If you’ve recently experienced an injury or a major illness requiring a hospital stay, you may be a little wary about returning home right away. This is especially true if you live alone or don’t have someone at home to help care for you. Fortunately, you do have an option – short-term skilled nursing care. If you choose this type of care, you will enter a nursing home for a short period of time. This home focuses on rehabilitation so that patients can resume their previous level of independence upon release. The following guide can help you better understand these facilities.

How is short-term rehab care paid for?

There are several options when it comes to paying for this sort of care. If you are on Medicare, your insurance will cover the rehab if you are admitted into the program within 30 days of a hospital stay that lasted at least 3 days. Medicare will only cover the first 20 days fully, and then they pay a portion of the costs for an additional 80 days.

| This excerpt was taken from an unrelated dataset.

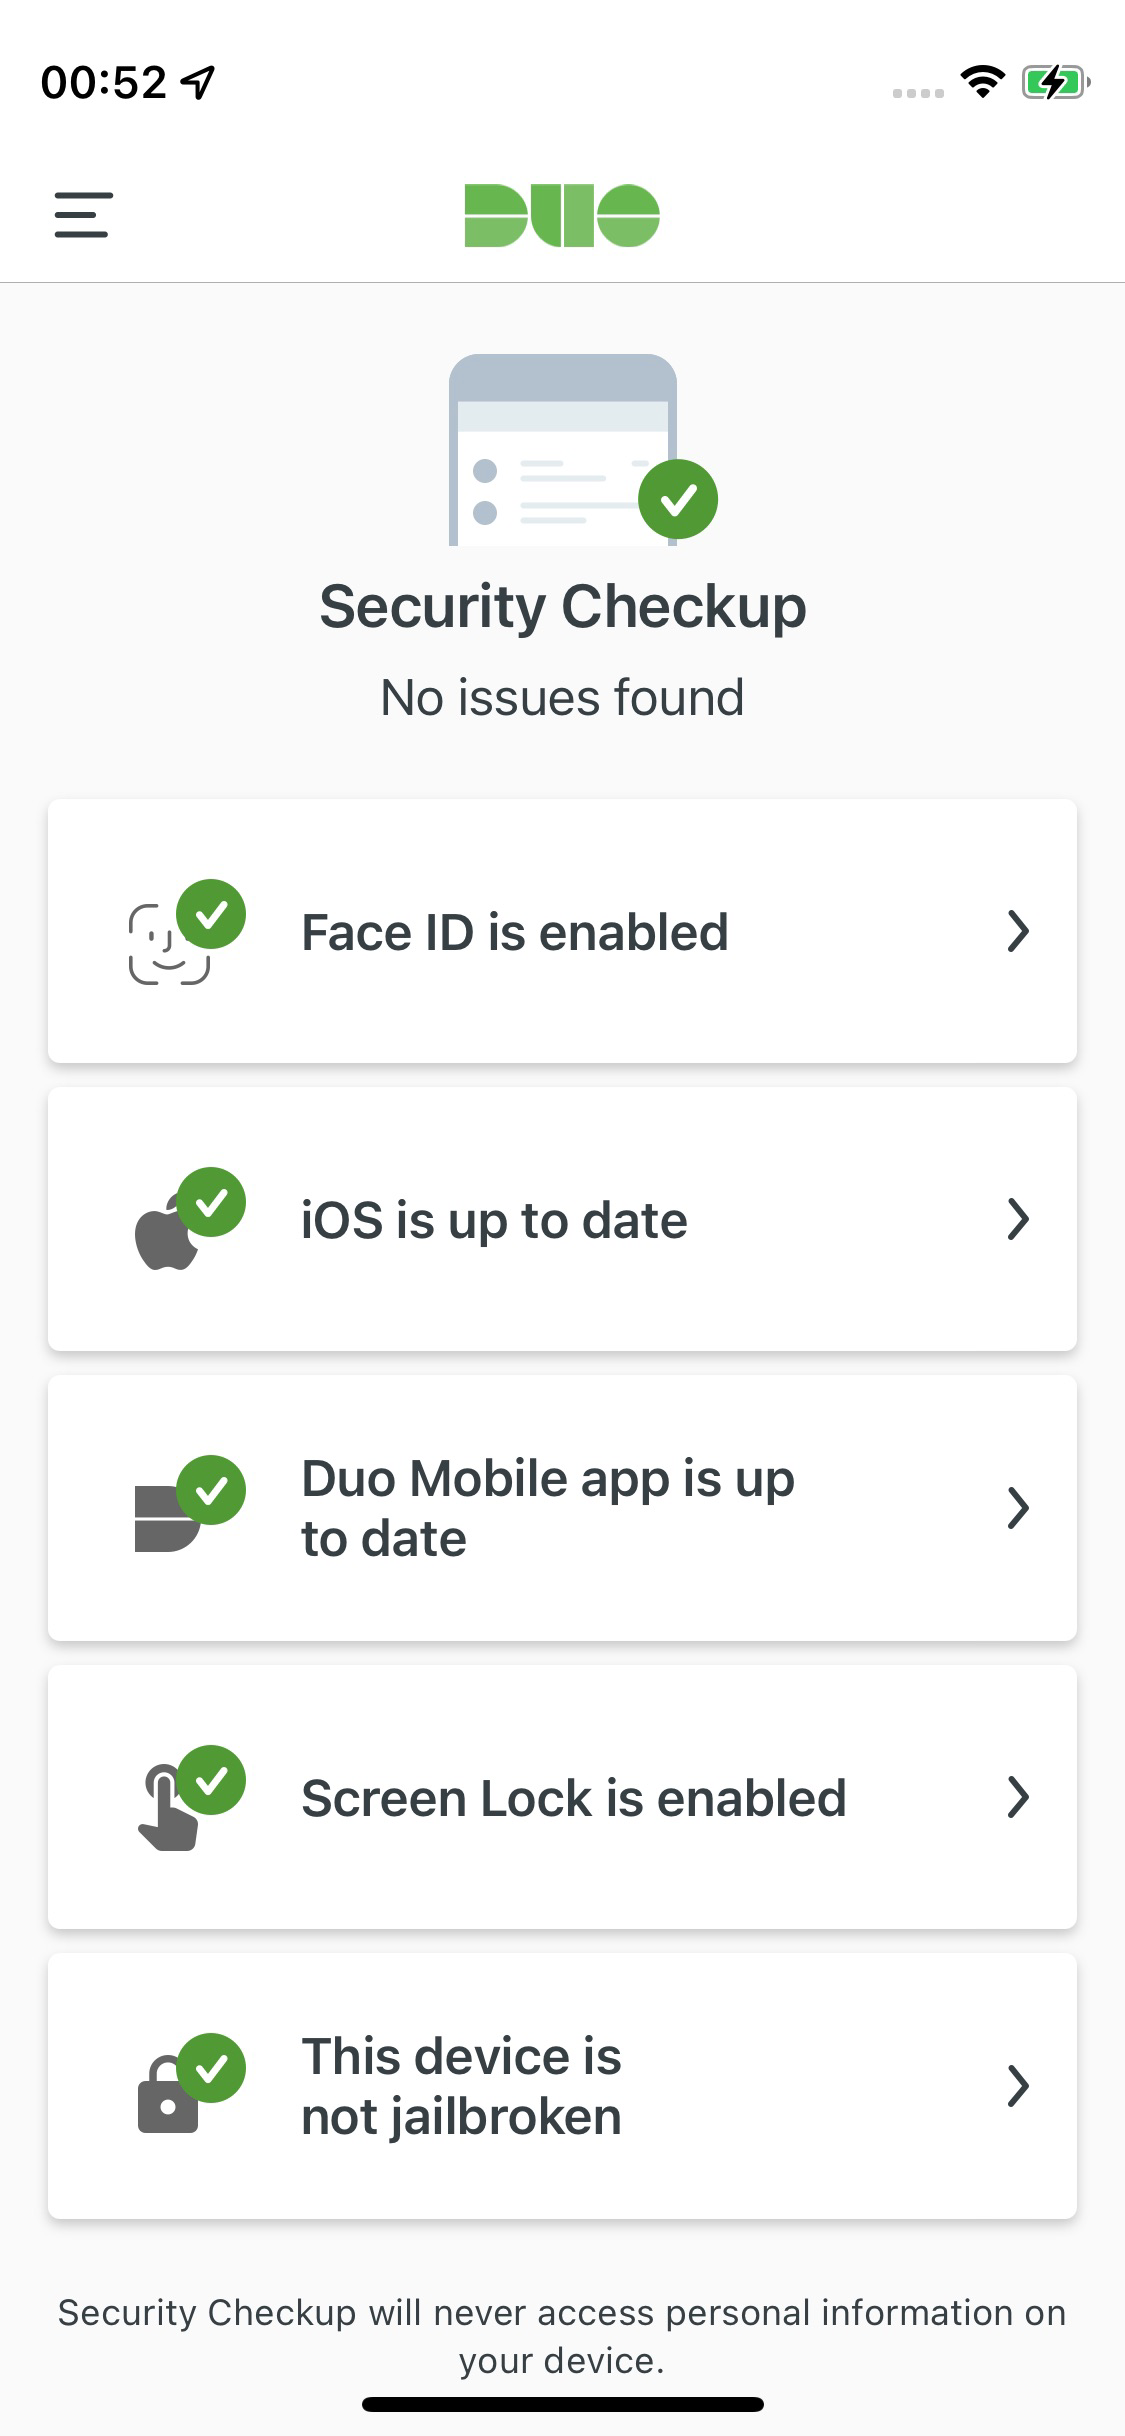 duo mobile app spying
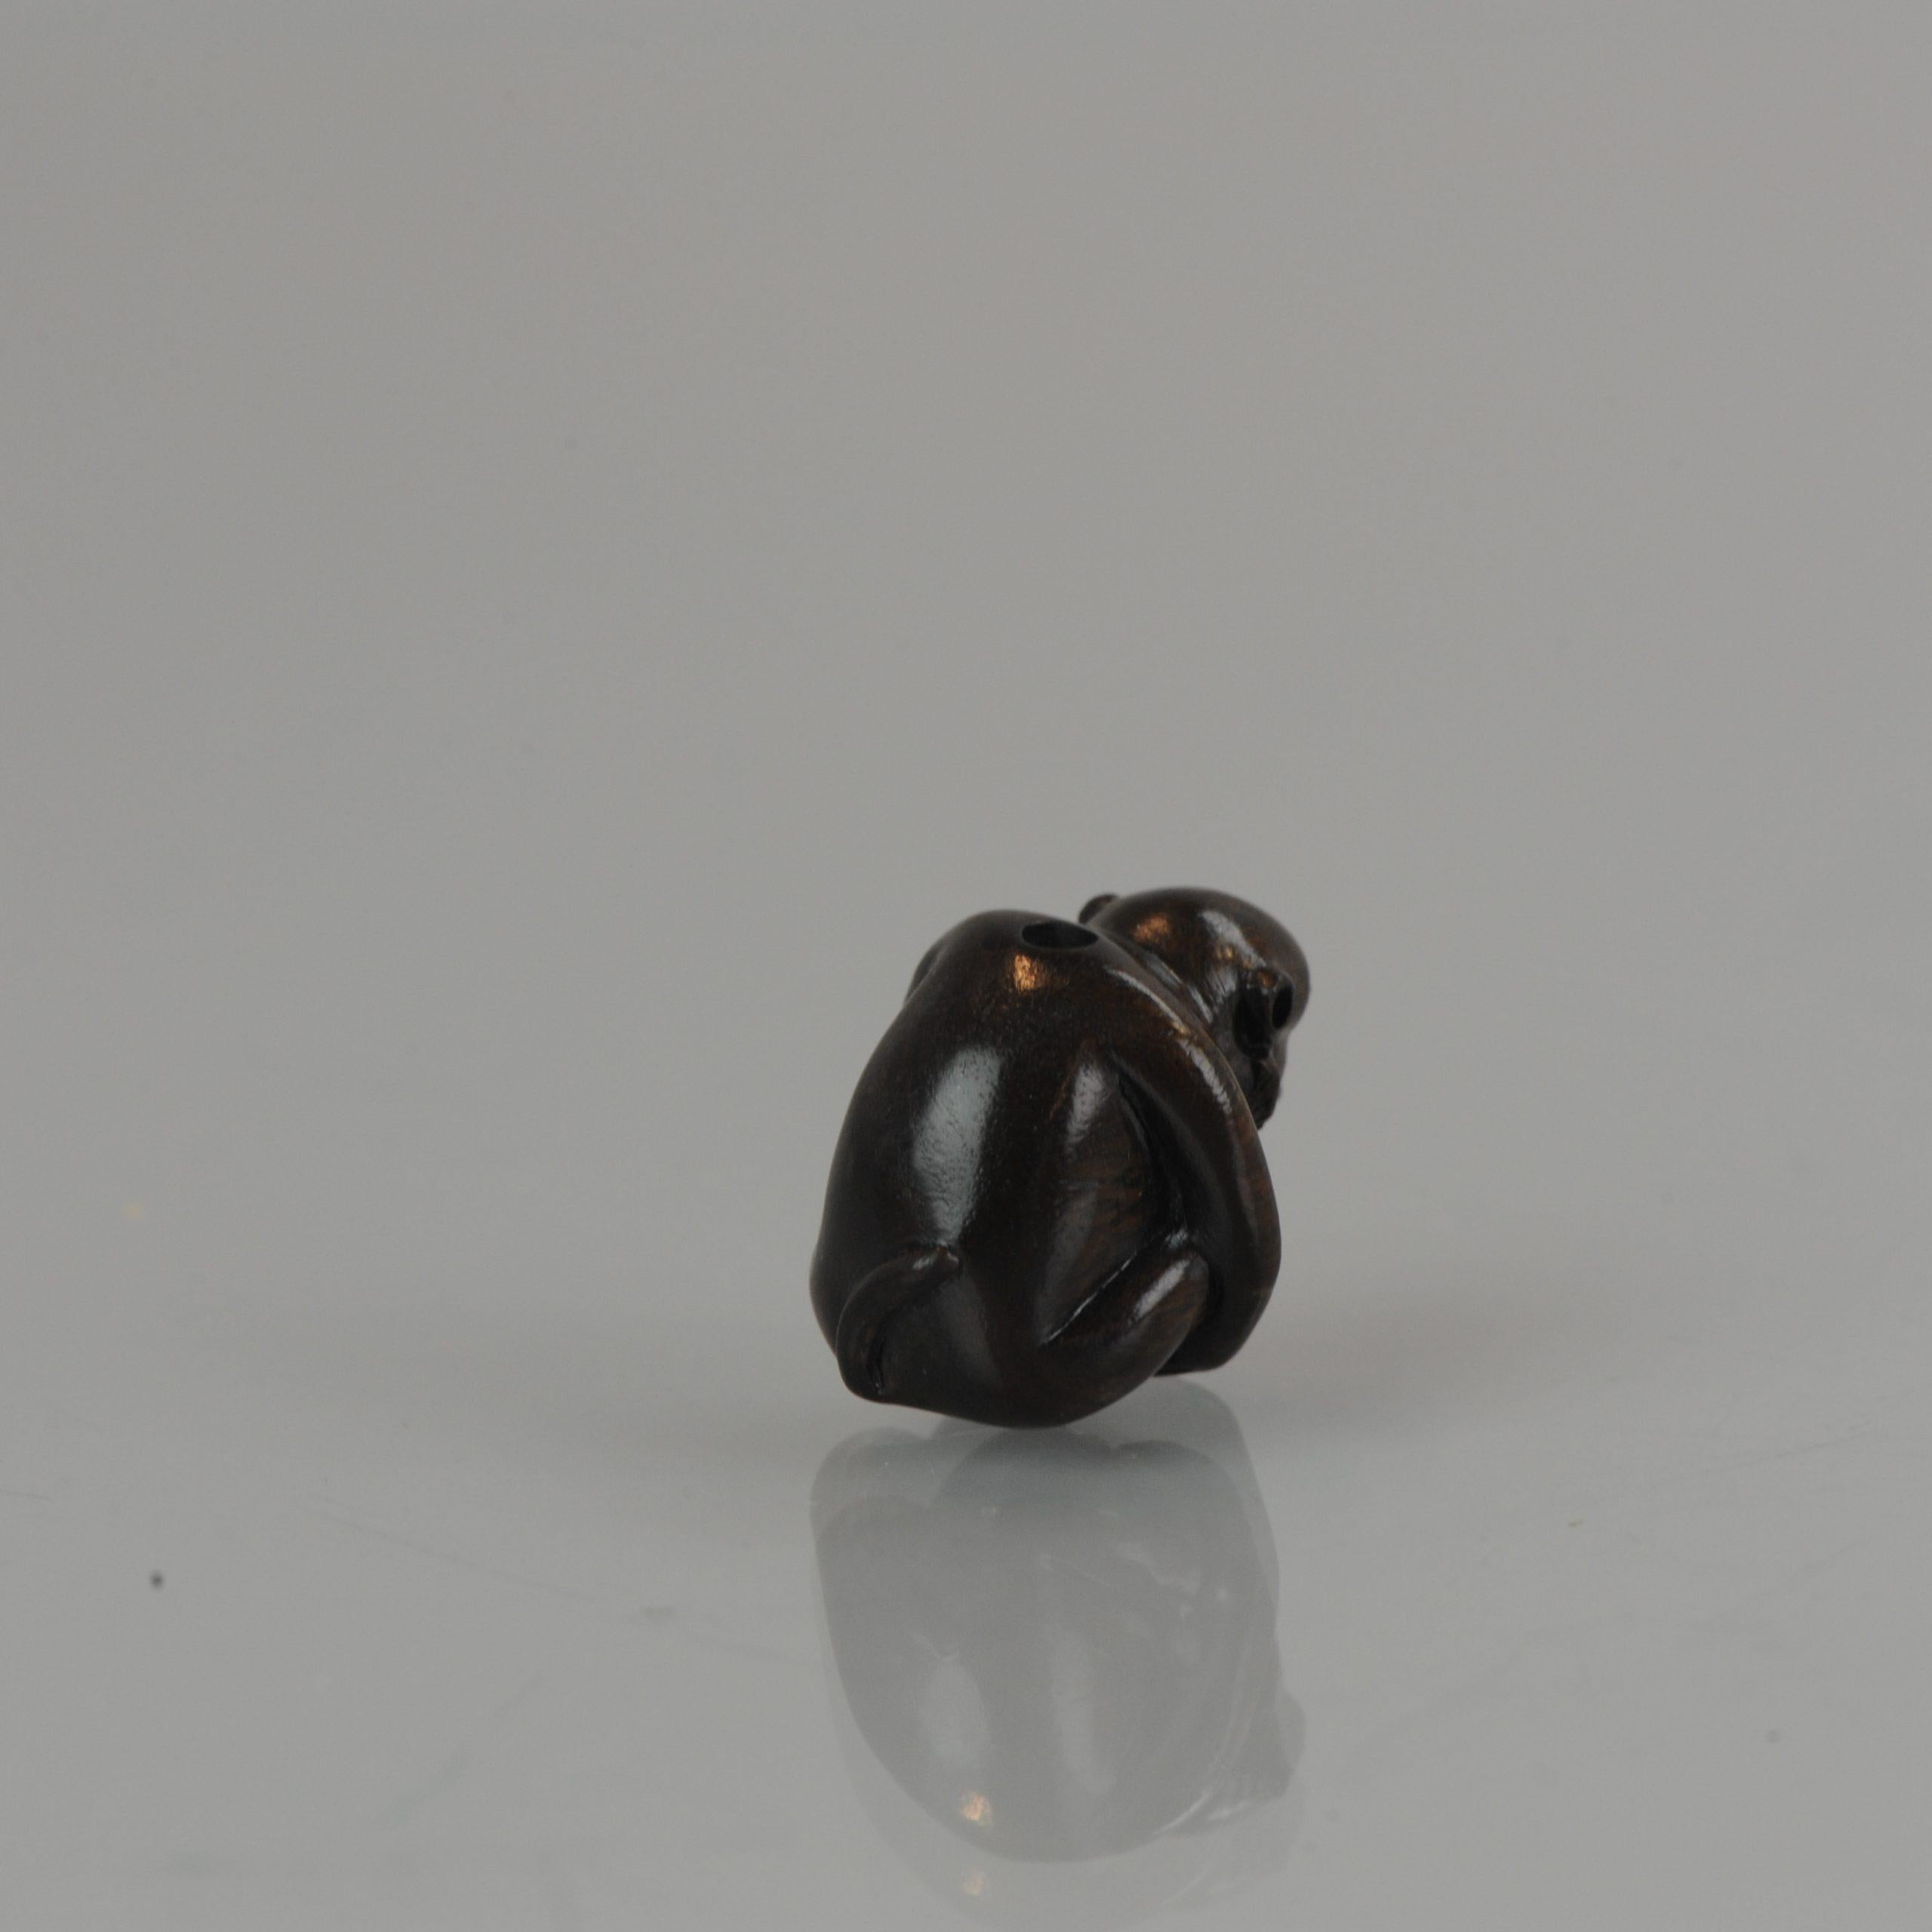 Antique Wood Monkey Netsuke 19th-20th Century Japanese Masakazu, Japan In Excellent Condition For Sale In Amsterdam, Noord Holland

Supplemental health insurance or a long-term care plan may also provide coverage for rehab nursing care, or it may cover the portion that isn’t covered by the Medicare plan.

Do you have any privacy?

You may need to share a room, depending on your condition and the facility. Private rooms are sometimes available, but these may require an out-of-pocket charge or they may be reserved for those with conditions that require privacy, such as people who need middle-of-the-night care that would disturb a roommate. Shared rooms still afford some privacy, though. There is a curtain or panel that you can draw across the middle of the room for privacy. There are also usually gardens and reading rooms on-site where you can go if you want to be alone.

What is the schedule like?

All short-term facilities run off of a similar basic schedule. Meal times are set and served in a group dining room to encourage socializing between patients. There is also usually an in-room meal service available. In many cases, you order your meal selections a day in advance. Physical and occupational therapies are usually scheduled in the morning or early afternoon, between meal times. In the evening there may be social activities, such as book groups, movies, or game nights. 

Will you be on your own after release?

Upon release, you will be instructed about your at-home care. If your injury or illness has affected your level of independence, you may have a home visit scheduled to help you adjust your home to your new level of care. For example, someone may visit your home and recommend mobility aids, such as toilet seat lifts, and help you purchase or file claims for these devices. You may also have an occupational or physical therapist visit your home for a few in-home sessions. These sessions help you regain your strength and ability to perform your daily activities with minimal to no assistance. In some cases, the nursing care staff will prescribe certain exercises or therapies for you to continue at home.